Colonel: All through the winter of '43 we had translators working, in joke-proof conditions, to try and produce a German version of the joke. They worked on one word each for greater safety. One of them saw two words of the joke and spent several weeks in hospital. But apart from that things went pretty quickly, and we soon had the joke by January, in a form which our troops couldn't understand but which the Germans could.

(Cut to a trench in the Ardennes. Members of the joke brigade are crouched holding pieces of paper with the joke on them.)

Voice Over: So, on July 8th, I944, the joke was first told to the enemy in the Ardennes...

Commanding NCO: Tell the ... joke.

Joke Brigade: (together) Wenn ist das Nunstruck git und Slotermeyer? Ja! ... Beiherhund das Oder die Flipperwaldt gersput!

(Pan out of the British trench across war-torn landscape and come to rest where presumably the German trench is. There is a pause and then a group of Germans rear up in hysterics.)

Voice Over: It was a fantastic success. Over sixty thousand times as powerful as Britain's great pre-war joke ...Cut to a film of Chamberlain brandishing the 'Peace in our time' bit of paper ... and one which Hider just couldn't match.

Film of Hitler rally. Hitler speaks; subtitles are superimposed.
SUBTITLE: 'MY DOG'S GOT NO NOSE'
A young soldier responds:
SUBTITLE: HOW DOES HE SMELL?
Hitler speaks:
SUBTITLE: AWFUL'


The German joke in reply:

Voice Over: But at Peenemunde in the Autumn of '44, the Germans were working on a joke of their own.

(A German general is seated at an imposing desk. Behind him stands Otto, labelled 'A Different Gestapo Officer'. Bespectacled German scientist/joke writer enters room. He clean his throat and reads from card.)

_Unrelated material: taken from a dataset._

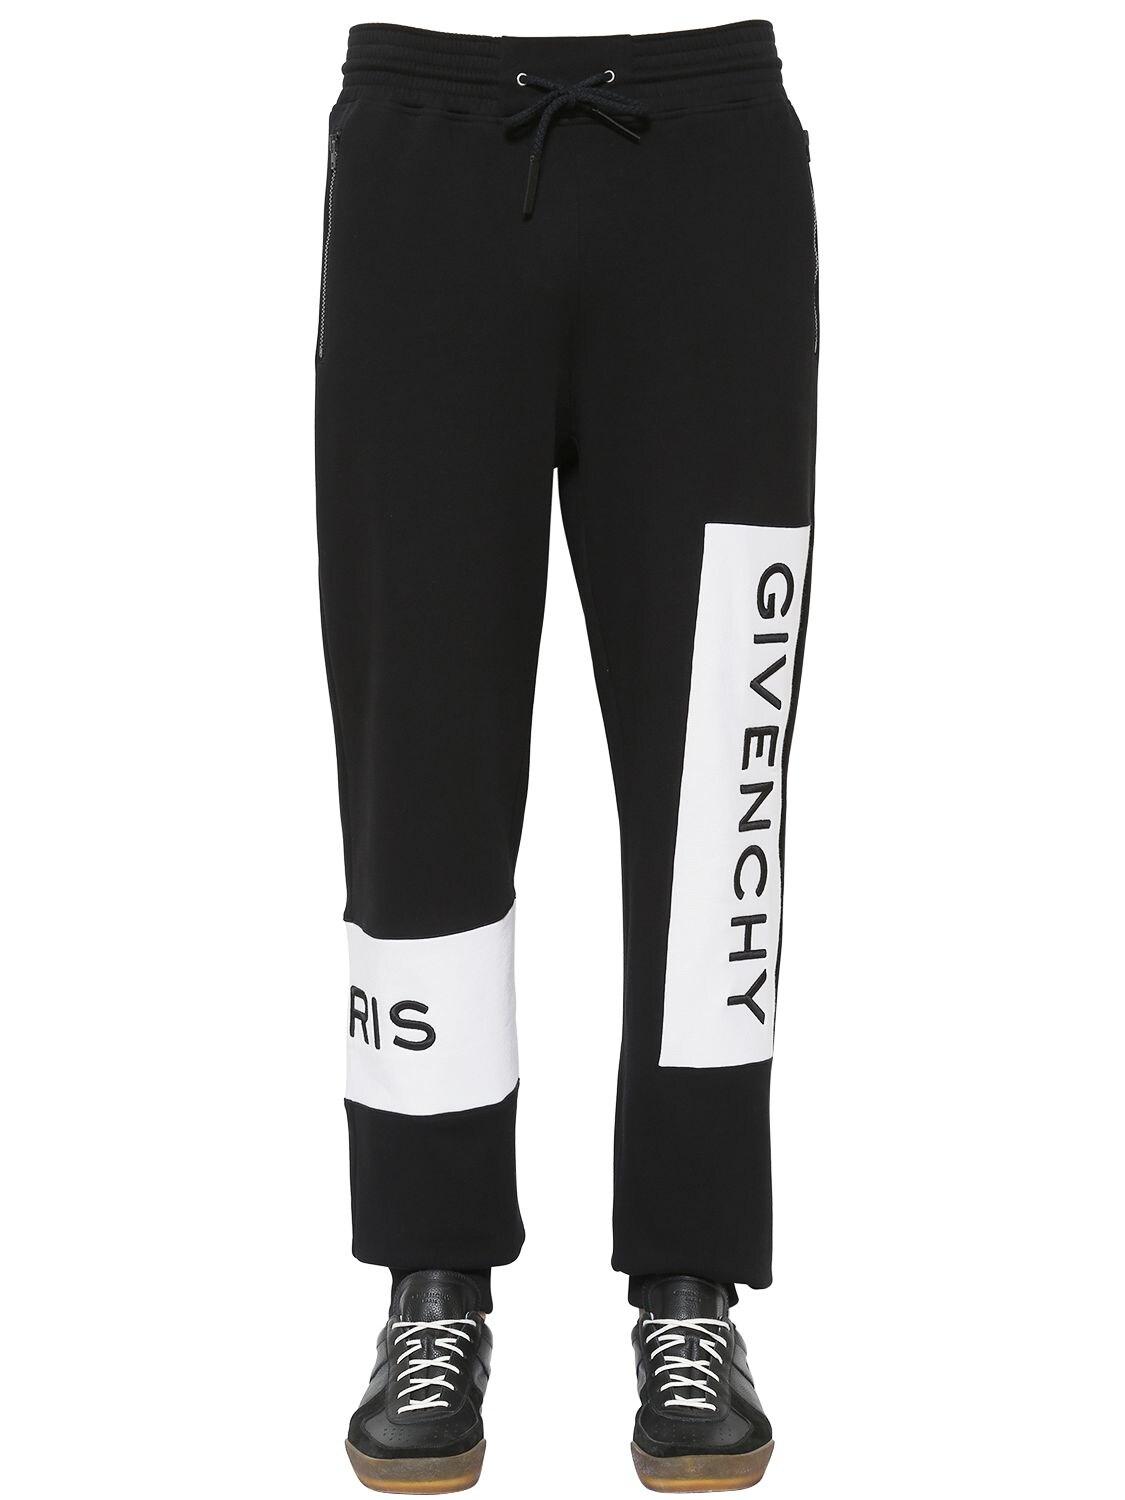 Givenchy Logo Print Sweatpants in Black for Men - Lyst

German Joker: Die ist ein Kinnerhunder und zwei Mackel uber und der bitte schon ist den Wunderhaus sprechensie. 'Nein' sprecht der Herren 'Ist aufern borger mit zveitingen'.

He finishes and looks hopeful.

Otto: We let you know.

(He shoots him. Film of German sdentists.)

Voice Over: But by December their joke was ready, and Hitler gave the order for the German V-Joke to be broadcast in English.

(Cut to 1940's wartime radio set with couple anxiously listening to it.)

Radio: (crackly German voice) Der ver zwei peanuts, valking down der strasse, and von vas... assaulted! peanut. Ho-ho-ho-ho.


--Hawk
I don't know what was so funny about the Monte Python bit, but they are comedy masters and my wife and I laughed our asses off. I must have needed a good laugh and maybe she was laughing at me. Thanks
 
Must be sumthin' to that 'Southern' thing when it comes to the variants of English.

Tasmania, New Zealand, former Rhodesia or South Africa produce some of the most interesting of flavours..

I have been told that we have really "flat" accents and can apparently be understood really easily.
Over here it's Aluminium as in AL (Short for Albert) -A-MINIUM and funnily enough every time I hear someone from the states say Aluminum is grinds my balls. Each to their own I suppose.